Here is the answer to the first question:
As you see this is a sorted distribution of the 22 companies. The answers to this one –
Nearly 2 billion dollars in payments were made out to physicians by these 22 companies in those 4 years. That’s incredible. The leading companies are.
1. Zimmer – $750 million
2. Pfizer – $250 million
3. Eli Lilly – $160 million
Let’s not stop here but try and understand how the payments by these three payments are reported.
Looking into Zimmer most of the larger amounts are just not disclosed. Only the smaller amounts – less than a thousand dollars have the type classified- lodging, meals , gifts. Not much insight there.
In Pfizer – the larger payments are in a category called Pfizer sponsored research. Looks like (of course, contingent on them telling the truth) that Pfizer is spending a lot of it’s resources on research – hopefully a good thing.
In Eli Lily – most of the larger amounts are in a category called Healthcare Education. Again, hopefully a good thing.
A quick note on the display here- none of the charts today are interactive. The reason being I didn’t have access to a data visualization software which supports interactivity of really large data sets – to be published publicly. If you want to go down the interactive route here the best way is to use one of the JS frameworks.
2. Which companies spend the most per “gift” or payment?
I could have alternatively worded this as “As a physician which company will you be making the most out per payment you get”!
As you can see here are the top 3:
1. Zimmer – Almost 300k on an average per payment!
2. Medtronic – Over 100k per payment on an average.
3. Stryker- Nearly 100k per payment on an average.
More interesting stuff- These answers are interesting but we can drill down into even more interesting answers here. The first is from the caveat: these are average payments and by itself don’t mean much. Hypothetically, there can be lots of $1 payments or some really high ones. And from what I’ve seen practically – that’s usually the case. It’s always a lot more more interesting to drill into average numbers.
Exploring each category a bit more I find the highest payment ever made in this data set was by Zimmer – a sum of 18 million over six months in 2007! Wow, that’s insane. The type of this payment wasn’t even disclosed. I need to ask the folks at Medical data informatics who the organization/person was.
Going along the thread to illustrate how misleading averages can be: only 52 out of 2620 records are over 300k! This actually implies that if you were to bet on an unknown payment by Zimmer, you have less than 2% chance it will be above the average. Averages are wrong 98% of the time here!
The most interesting derivative for me from this question- Zimmer made 19 payments in 2007 – above 11 million dollars where the type was not disclosed!
3. As a physician which state should you belong to have a higher probability of receiving a payment from a company?
Most payments are made out to California, Texas and NY!
Additional exploration- I looked into payments declared as “gifts” and the largest was by Zimmer for just $258! I’m pretty cynical about those numbers reported by those companies!
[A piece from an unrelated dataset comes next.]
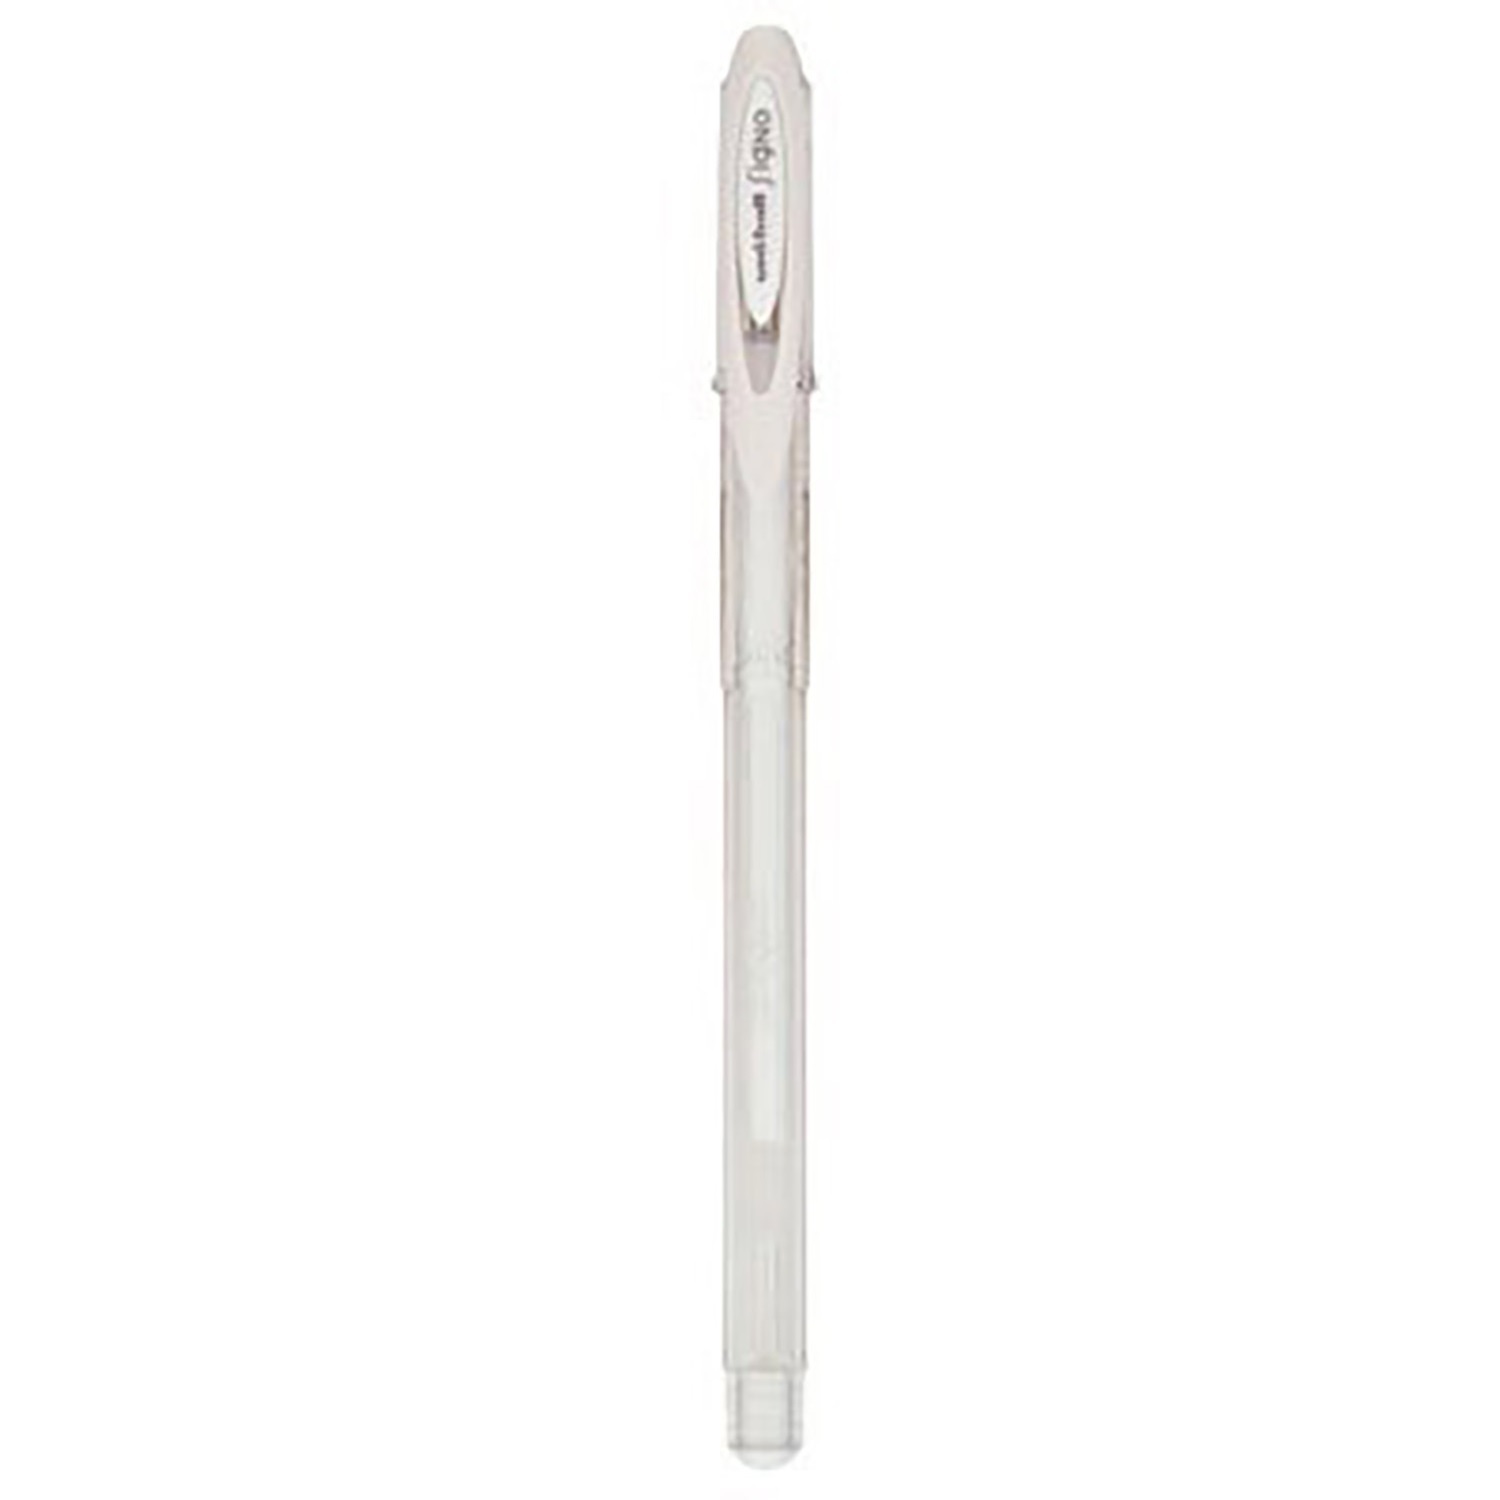 Uniball Signo UM120 Rollerball Pen - White Image 1
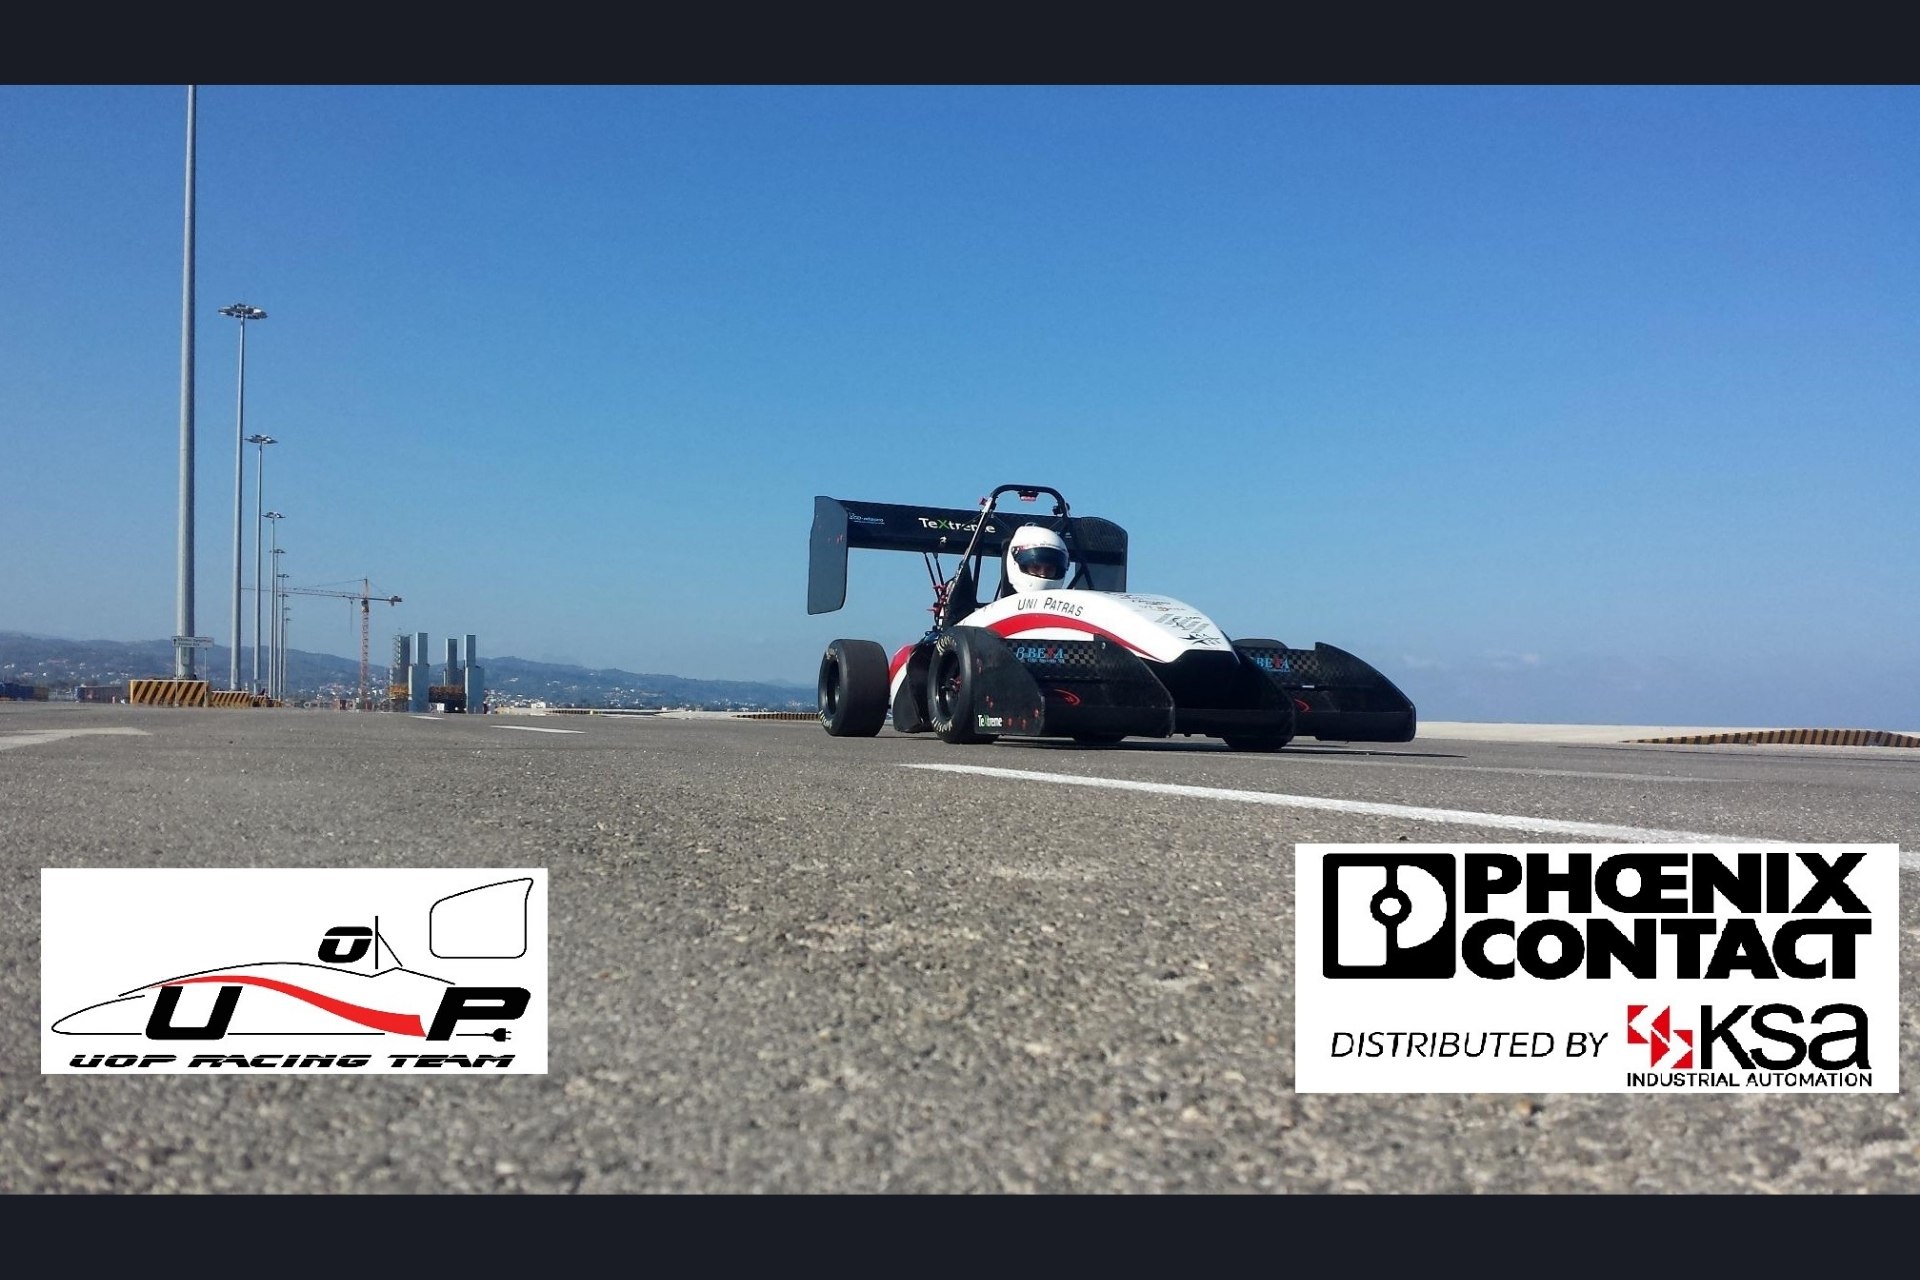 H Phoenix Contact & η KSA υποστηρίζουν την προσπάθεια της ομάδας Formula Student UoP Racing

Even most companies travel expenses seemed fairly accurate- no nuggets of gold there.
Data set and tools used:
The data set is fairly huge – contains 550,000 rows of information of each payment made from Jan 1 2007 -Jan 1 2011. The data fields breakdown is as follows – The company name who made the payment, the year the payment was made, the period between which the payment was made, the city and state in which the physician was located and the estimated amount.
Tools used- The tools I used for this analysis were Tableau – the desktop version and Excel – pivot tables to summarize some of the initial data. Most tools and spreadsheet software will not handle either over 5Mb of data or over 100k rows.The best alternate way is to run this is R and work on the data from there. Or even reducing the scope and size in SQL and then feed it into another analysis tool.
Side Note: A huge thanks to Mark Hubbard and Julia from Medical Data Informatics for giving me access, answering my questions and patiently waiting till I settle down in this city.